◆ PROBLEM DESCRIPTION
Each line from the one containing "Nyta Pong Ceiling" onward, through the end of the entries, is to be transcribed exactly; nothing else is to be included.

◆ PROVIDED DATA
------------------------------

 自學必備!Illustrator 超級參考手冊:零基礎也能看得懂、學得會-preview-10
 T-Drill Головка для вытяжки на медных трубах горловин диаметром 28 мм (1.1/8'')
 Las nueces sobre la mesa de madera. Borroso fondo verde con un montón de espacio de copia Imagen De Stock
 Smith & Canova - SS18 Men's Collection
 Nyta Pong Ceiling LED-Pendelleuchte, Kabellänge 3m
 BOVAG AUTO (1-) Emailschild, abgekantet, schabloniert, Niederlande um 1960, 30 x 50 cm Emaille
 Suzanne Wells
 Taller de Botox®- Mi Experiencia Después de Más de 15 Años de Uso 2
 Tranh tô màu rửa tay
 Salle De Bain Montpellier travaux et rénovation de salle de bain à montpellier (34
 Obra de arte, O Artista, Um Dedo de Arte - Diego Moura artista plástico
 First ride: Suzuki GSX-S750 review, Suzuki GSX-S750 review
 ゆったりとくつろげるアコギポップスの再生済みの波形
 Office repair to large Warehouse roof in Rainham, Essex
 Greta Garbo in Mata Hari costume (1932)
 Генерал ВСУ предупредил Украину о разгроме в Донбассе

------------------------------

◆ WRITTEN REPLY
 Nyta Pong Ceiling LED-Pendelleuchte, Kabellänge 3m
 BOVAG AUTO (1-) Emailschild, abgekantet, schabloniert, Niederlande um 1960, 30 x 50 cm Emaille
 Suzanne Wells
 Taller de Botox®- Mi Experiencia Después de Más de 15 Años de Uso 2
 Tranh tô màu rửa tay
 Salle De Bain Montpellier travaux et rénovation de salle de bain à montpellier (34
 Obra de arte, O Artista, Um Dedo de Arte - Diego Moura artista plástico
 First ride: Suzuki GSX-S750 review, Suzuki GSX-S750 review
 ゆったりとくつろげるアコギポップスの再生済みの波形
 Office repair to large Warehouse roof in Rainham, Essex
 Greta Garbo in Mata Hari costume (1932)
 Генерал ВСУ предупредил Украину о разгроме в Донбассе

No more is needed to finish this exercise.